→ WHAT YOU SHOULD DO
Please restate the data below word for word, omitting all images.

→ DATA
========================================================================
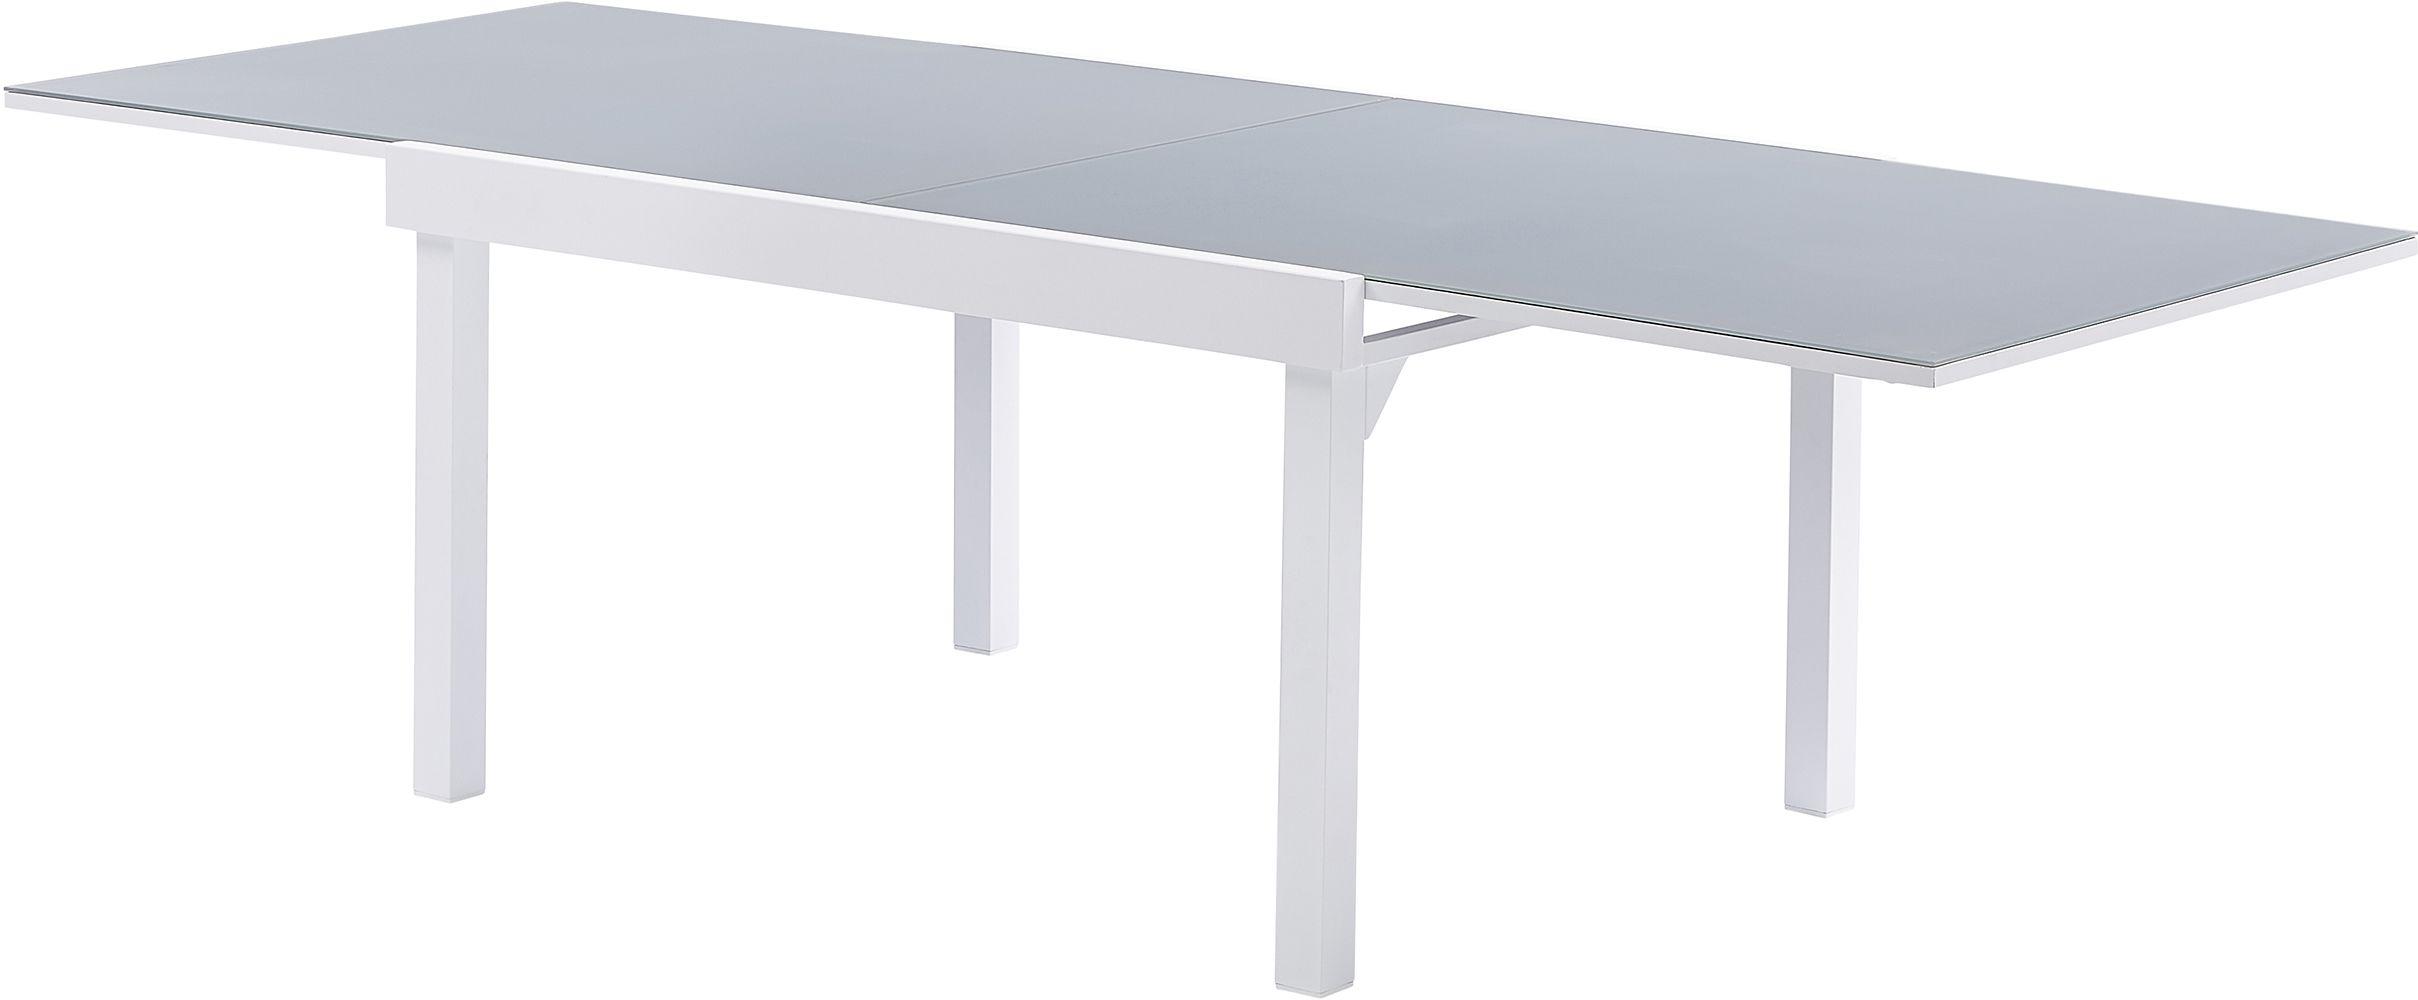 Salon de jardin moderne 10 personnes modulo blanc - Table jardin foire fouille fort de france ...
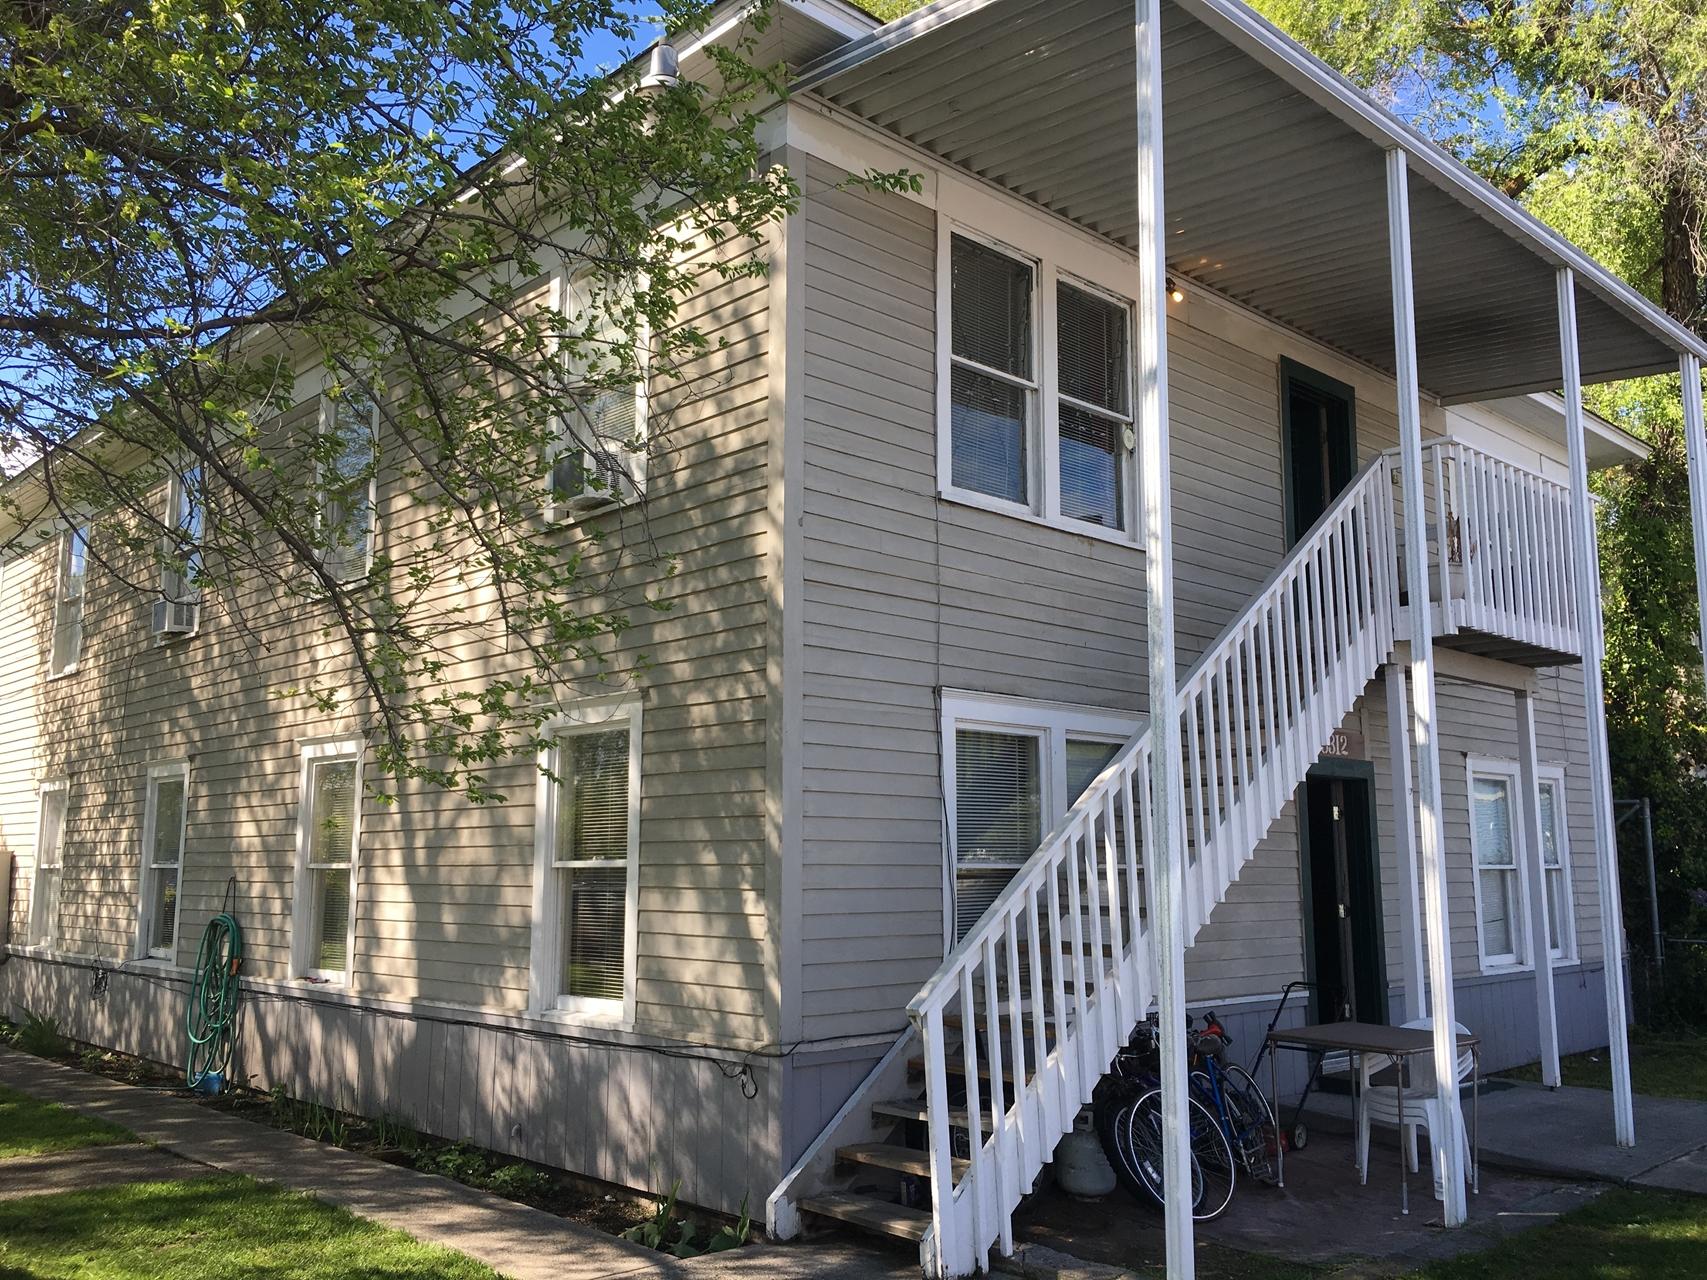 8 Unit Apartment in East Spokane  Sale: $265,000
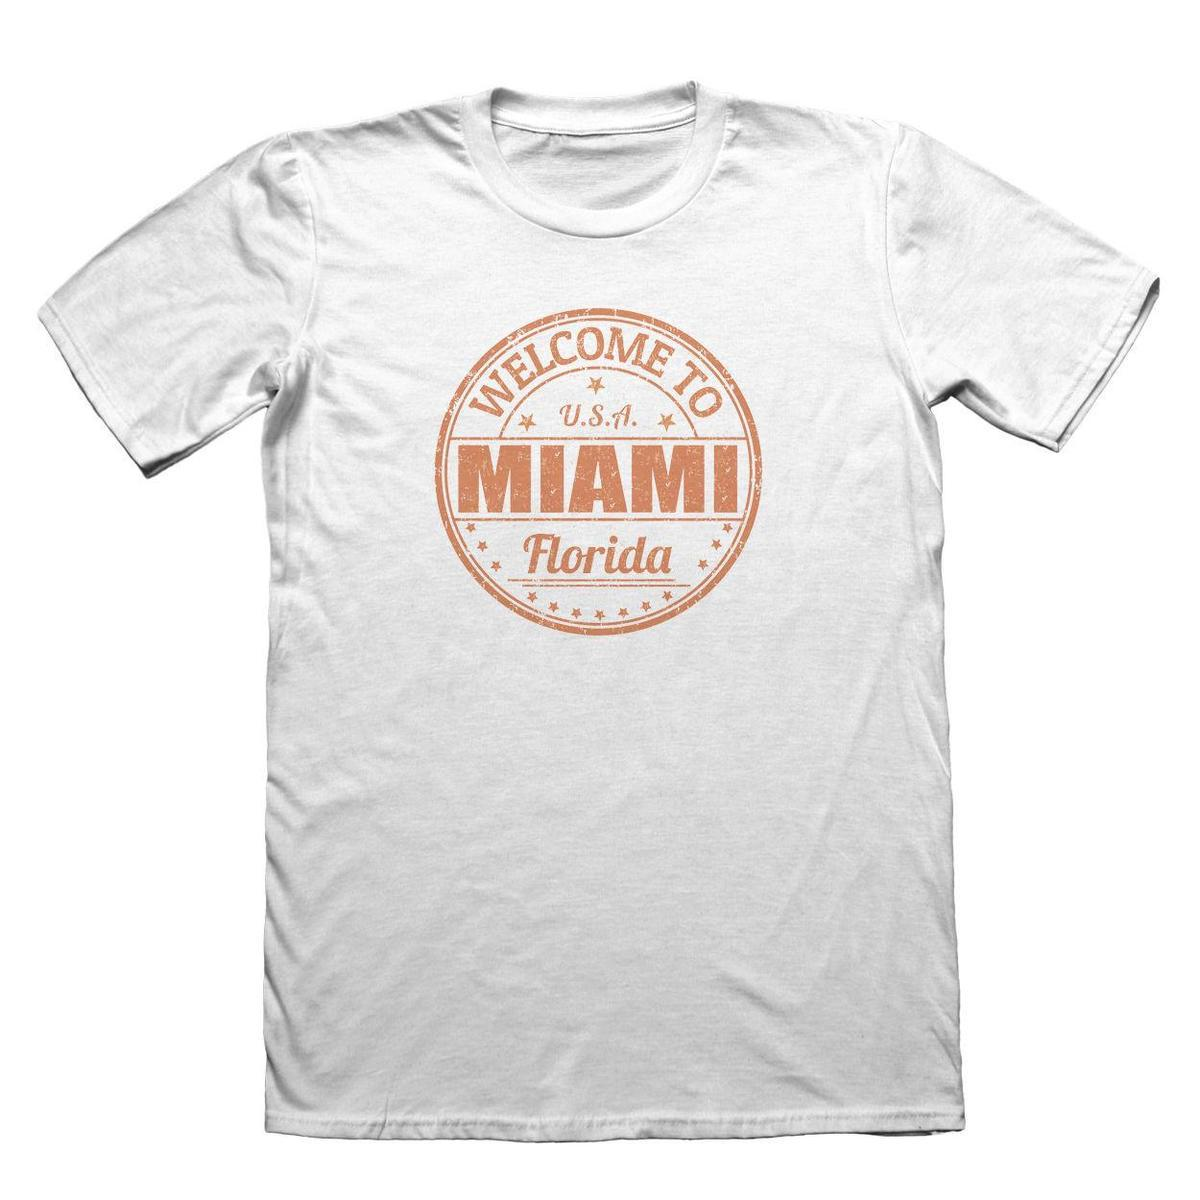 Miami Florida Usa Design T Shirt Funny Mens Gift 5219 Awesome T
========================================================================
→ ANSWER AREA
 Salon de jardin moderne 10 personnes modulo blanc - Table jardin foire fouille fort de france ...
 8 Unit Apartment in East Spokane  Sale: $265,000
 Miami Florida Usa Design T Shirt Funny Mens Gift 5219 Awesome T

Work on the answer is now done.